Index: net-next-2.6/net/netfilter/ipvs/ip_vs_core.c
===================================================================
--- net-next-2.6.orig/net/netfilter/ipvs/ip_vs_core.c	2009-08-28 12:07:49.000000000 +1000
+++ net-next-2.6/net/netfilter/ipvs/ip_vs_core.c	2009-08-28 12:33:18.000000000 +1000
@@ -1259,7 +1259,7 @@ ip_vs_in(unsigned int hooknum, struct sk
 	struct ip_vs_iphdr iph;
 	struct ip_vs_protocol *pp;
 	struct ip_vs_conn *cp;
-	int ret, restart, af;
+	int ret, restart, af, pkts;
 
 	af = (skb->protocol == htons(ETH_P_IP)) ? AF_INET : AF_INET6;
 
@@ -1346,12 +1346,12 @@ ip_vs_in(unsigned int hooknum, struct sk
 	 * Sync connection if it is about to close to
 	 * encorage the standby servers to update the connections timeout
 	 */
-	atomic_inc(&cp->in_pkts);
+	pkts = atomic_add_return(1, &cp->in_pkts);
 	if (af == AF_INET &&
 	    (ip_vs_sync_state & IP_VS_STATE_MASTER) &&
 	    (((cp->protocol != IPPROTO_TCP ||
 	       cp->state == IP_VS_TCP_S_ESTABLISHED) &&
-	      (atomic_read(&cp->in_pkts) % sysctl_ip_vs_sync_threshold[1]
+	      (pkts % sysctl_ip_vs_sync_threshold[1]
 	       == sysctl_ip_vs_sync_threshold[0])) ||
 	     ((cp->protocol == IPPROTO_TCP) && (cp->old_state != cp->state) &&
 	      ((cp->state == IP_VS_TCP_S_FIN_WAIT) ||
Index: net-next-2.6/net/netfilter/ipvs/ip_vs_wrr.c
===================================================================
--- net-next-2.6.orig/net/netfilter/ipvs/ip_vs_wrr.c	2009-08-28 12:07:49.000000000 +1000
+++ net-next-2.6/net/netfilter/ipvs/ip_vs_wrr.c	2009-08-28 12:33:18.000000000 +1000
@@ -77,11 +77,12 @@ static int ip_vs_wrr_gcd_weight(struct i
 static int ip_vs_wrr_max_weight(struct ip_vs_service *svc)
 {
 	struct ip_vs_dest *dest;
-	int weight = 0;
+	int new_weight, weight = 0;
 
 	list_for_each_entry(dest, &svc->destinations, n_list) {
-		if (atomic_read(&dest->weight) > weight)
-			weight = atomic_read(&dest->weight);
+		new_weight = atomic_read(&dest->weight);
+		if (new_weight > weight)
+			weight = new_weight;
 	}
 
 	return weight;
--
To unsubscribe from this list: send the line "unsubscribe netfilter-devel" in
the body of a message to majordomo@vger.kernel.org
More majordomo info at  http://vger.kernel.org/majordomo-info.html

^ permalink raw reply	[flat|nested] 6+ messages in thread

* Re: [patch] ipvs: Use atomic operations atomicly
  2009-08-28  2:37 [patch] ipvs: Use atomic operations atomicly Simon Horman
@ 2009-08-31 12:22 ` Patrick McHardy
  2009-08-31 14:49   ` Simon Horman
  2009-09-01  1:59   ` Simon Horman
  0 siblings, 2 replies; 6+ messages in thread
From: Patrick McHardy @ 2009-08-31 12:22 UTC (permalink / raw)
  To: Simon Horman
  Cc: lvs-devel, netdev, netfilter-devel, 홍신 shin hong,
	David Miller

Simon Horman wrote:
> A pointed out by Shin Hong, IPVS doesn't always use atomic operations
> in an atomic manner.
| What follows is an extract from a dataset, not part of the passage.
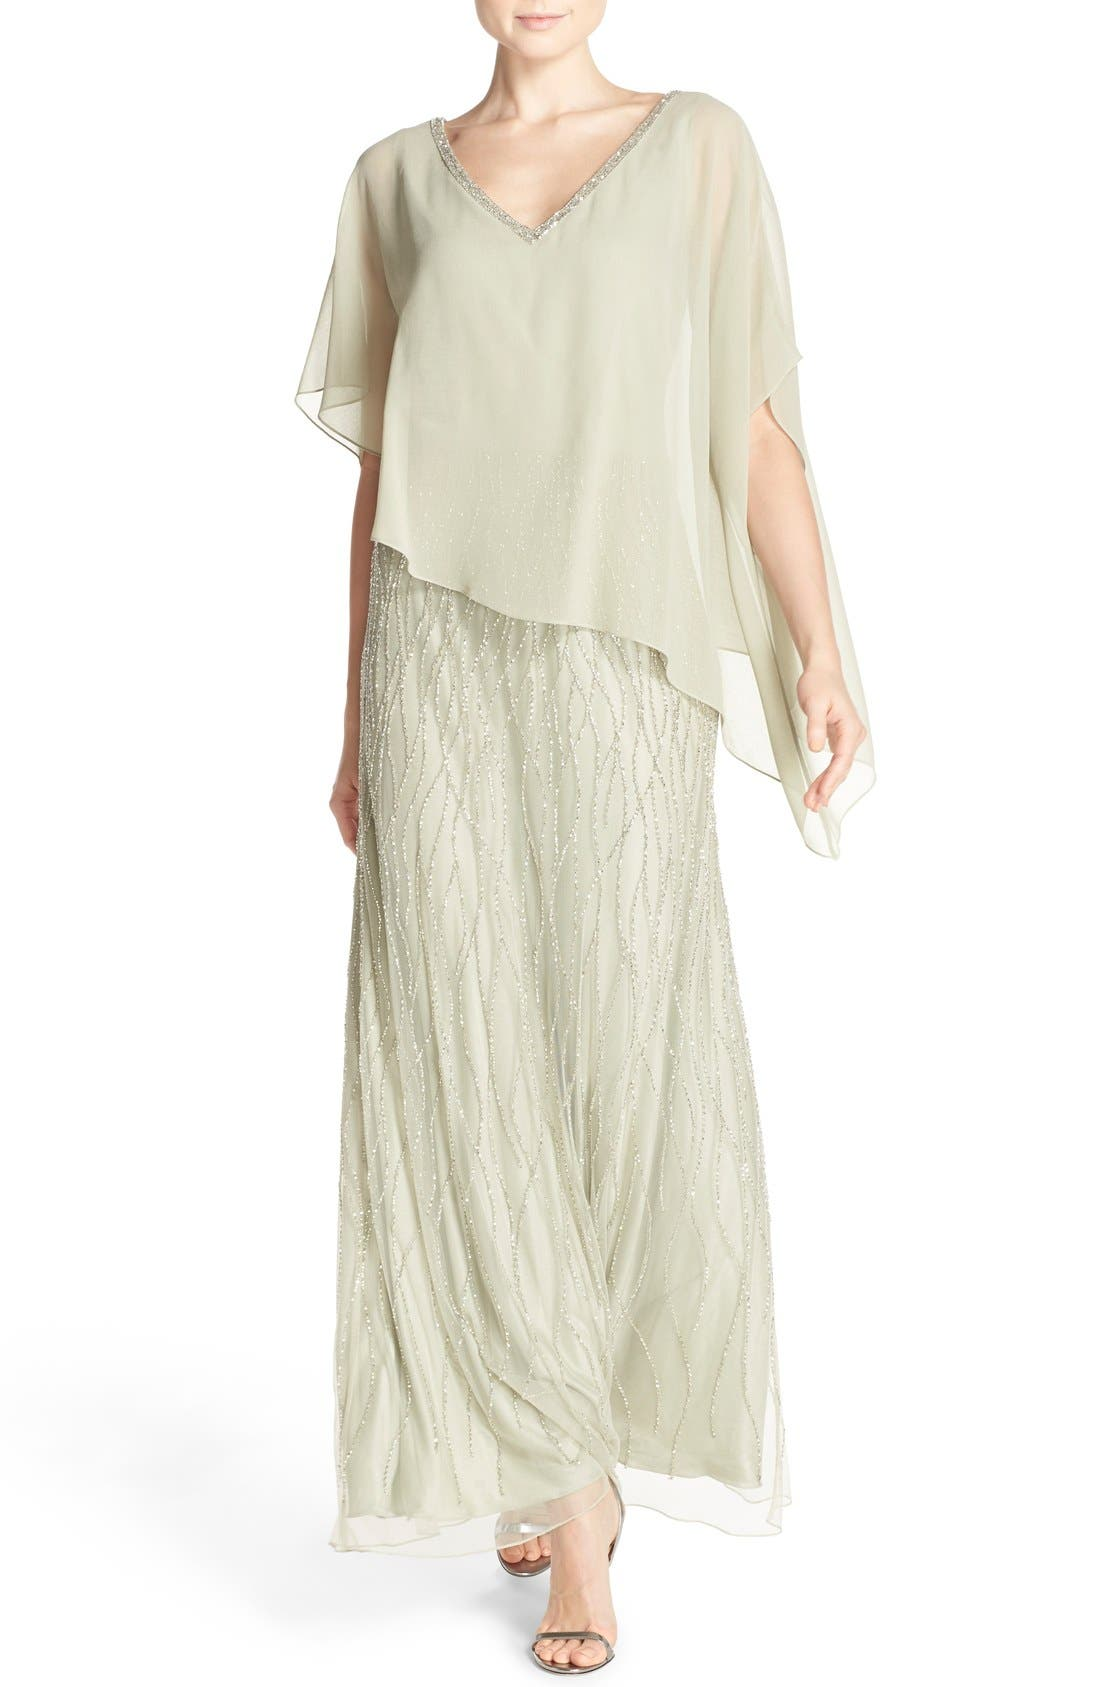 Alternate Image 1 Selected - J Kara Chiffon Overlay Beaded Gown

While this seems unlikely to be manifest in
> strange behaviour, it seems appropriate to clean this up.
> 
> Cc: 홍신 shin hong <hongshin@gmail.com>
> Signed-off-by: Simon Horman <horms@verge.net.au>

Applied, thanks.

>  	if (af == AF_INET &&
>  	    (ip_vs_sync_state & IP_VS_STATE_MASTER) &&
>  	    (((cp->protocol != IPPROTO_TCP ||
>  	       cp->state == IP_VS_TCP_S_ESTABLISHED) &&
> -	      (atomic_read(&cp->in_pkts) % sysctl_ip_vs_sync_threshold[1]
> +	      (pkts % sysctl_ip_vs_sync_threshold[1]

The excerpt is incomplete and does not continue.